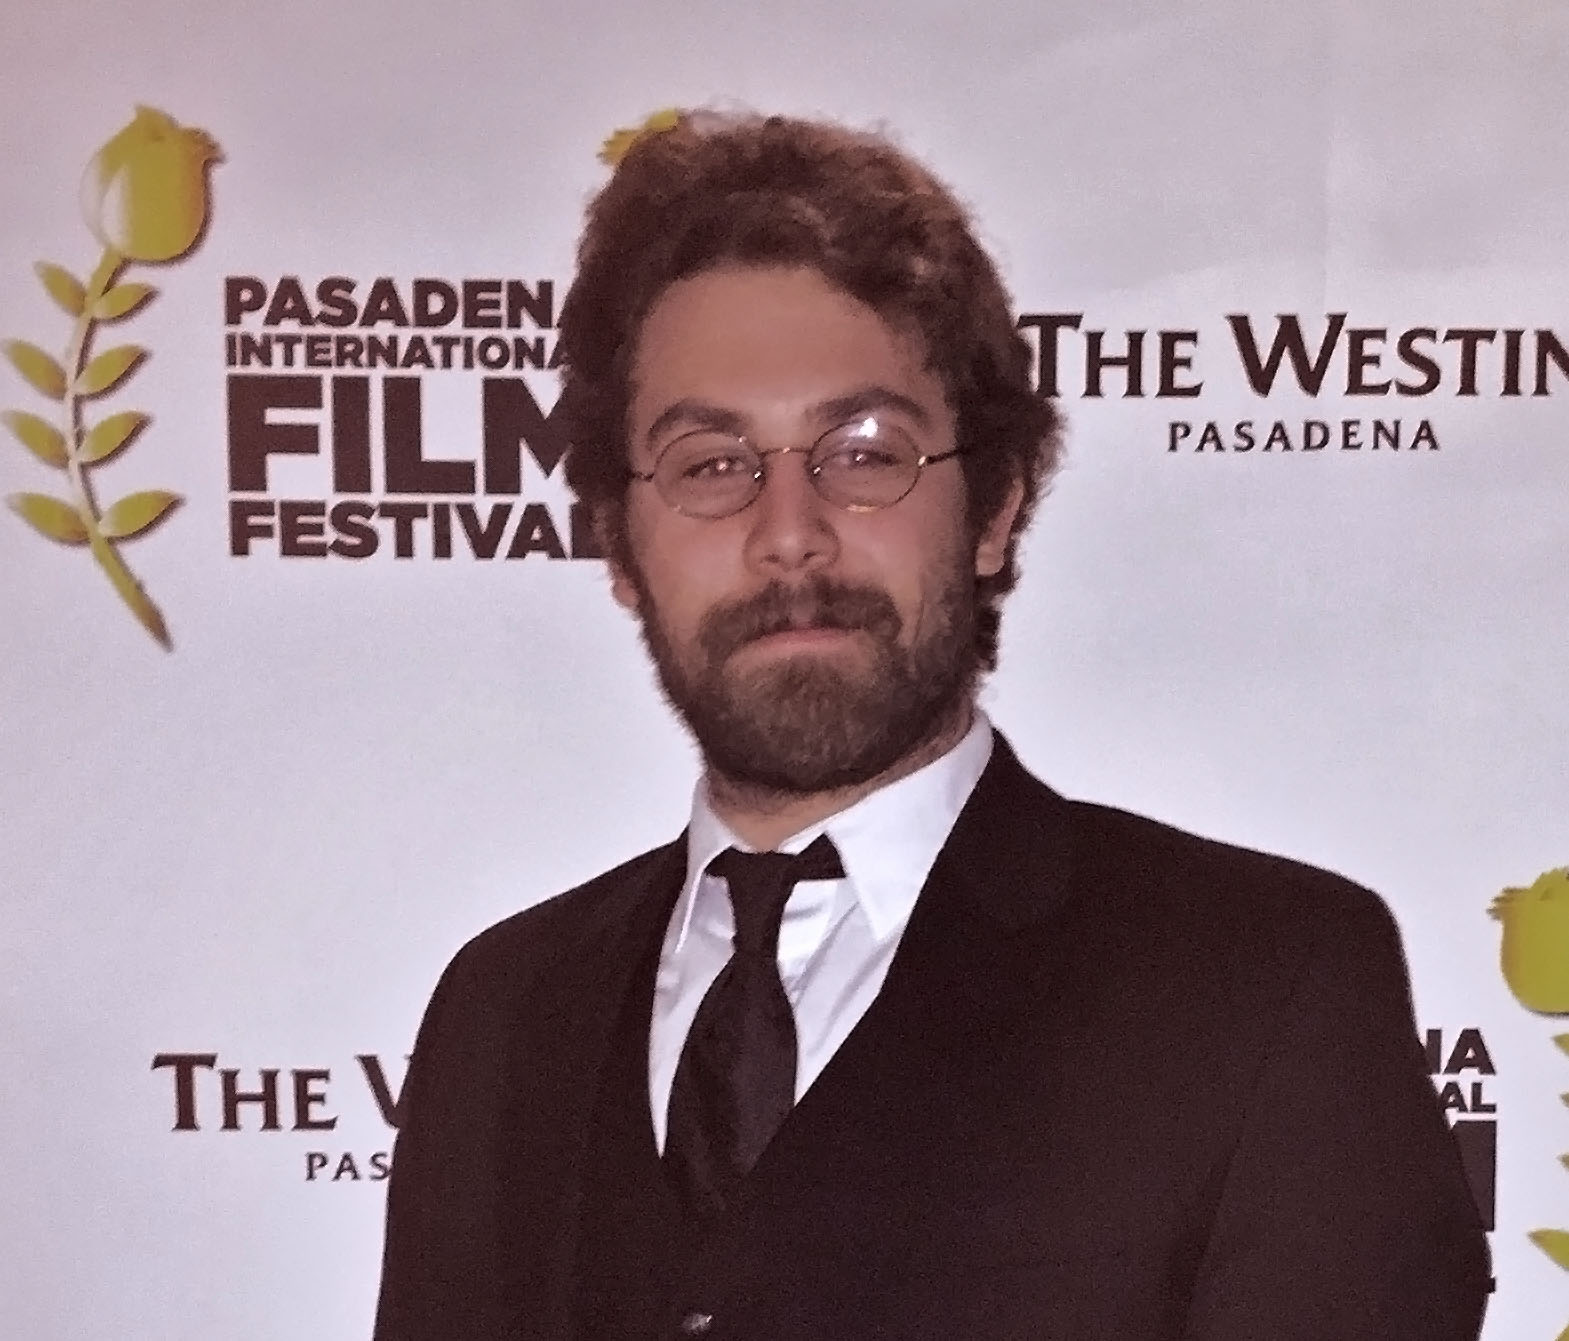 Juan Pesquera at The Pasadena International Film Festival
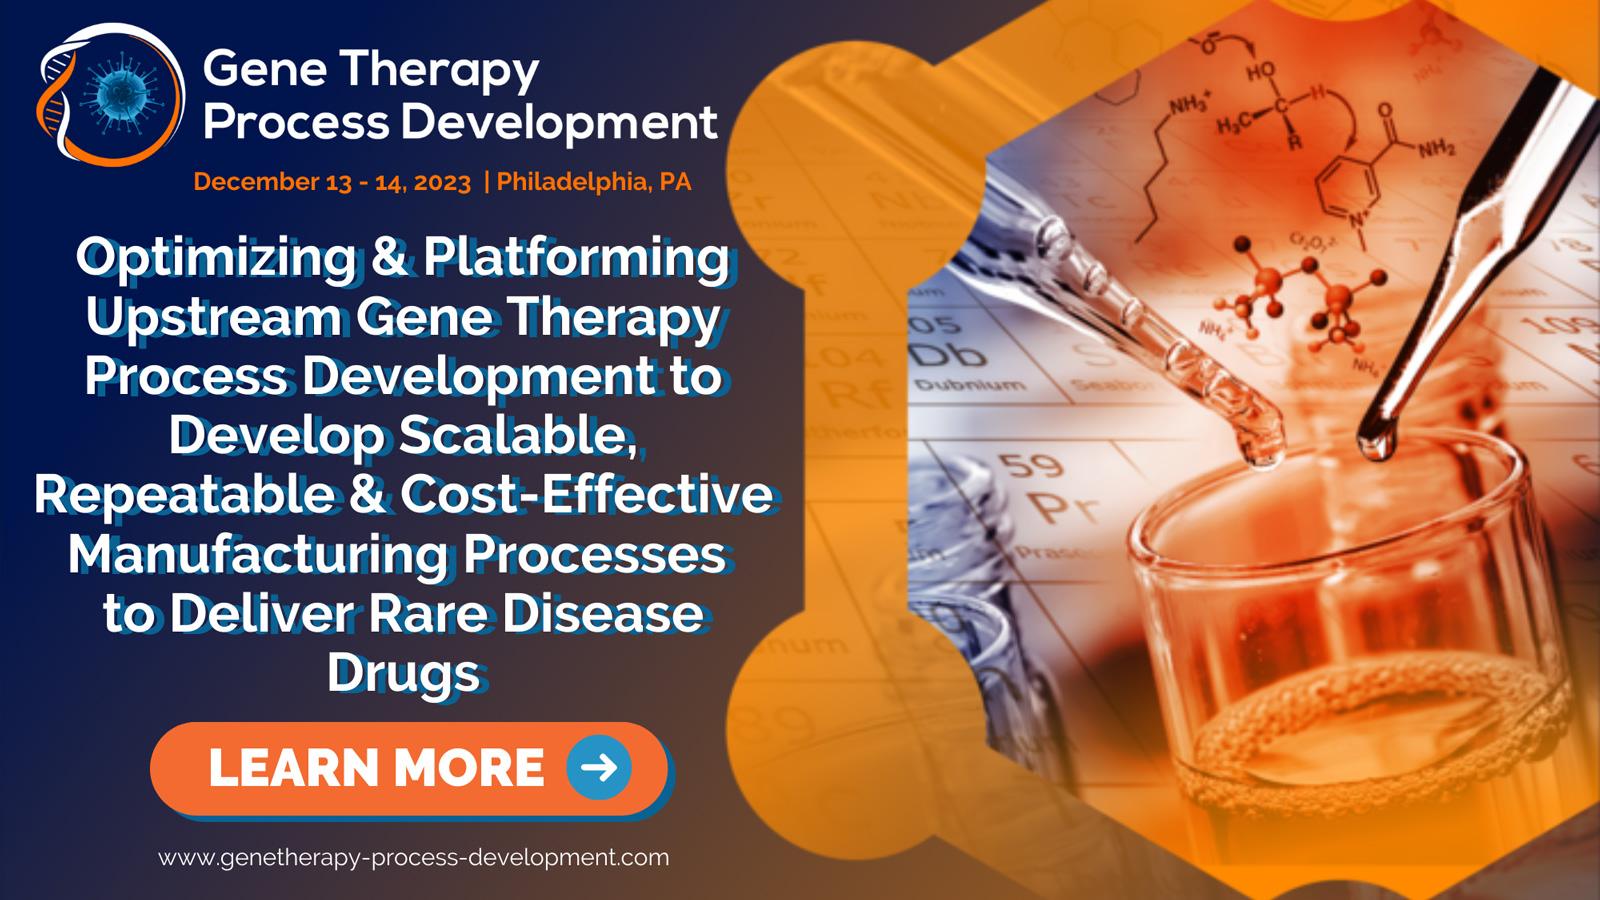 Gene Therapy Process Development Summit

■ ■ ■ ■ ■

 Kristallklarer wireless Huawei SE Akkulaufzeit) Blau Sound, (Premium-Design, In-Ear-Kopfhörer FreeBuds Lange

■ ■ ■ ■ ■

• [Action item]: Return exactly the lines that appear in the data above between the line containing "Juan Pesquera at" and the line containing "Gene Therapy Process Development Summit", both of which are included, and leave the pictures out.

• [Finished exercise]:
 Juan Pesquera at The Pasadena International Film Festival
 Gene Therapy Process Development Summit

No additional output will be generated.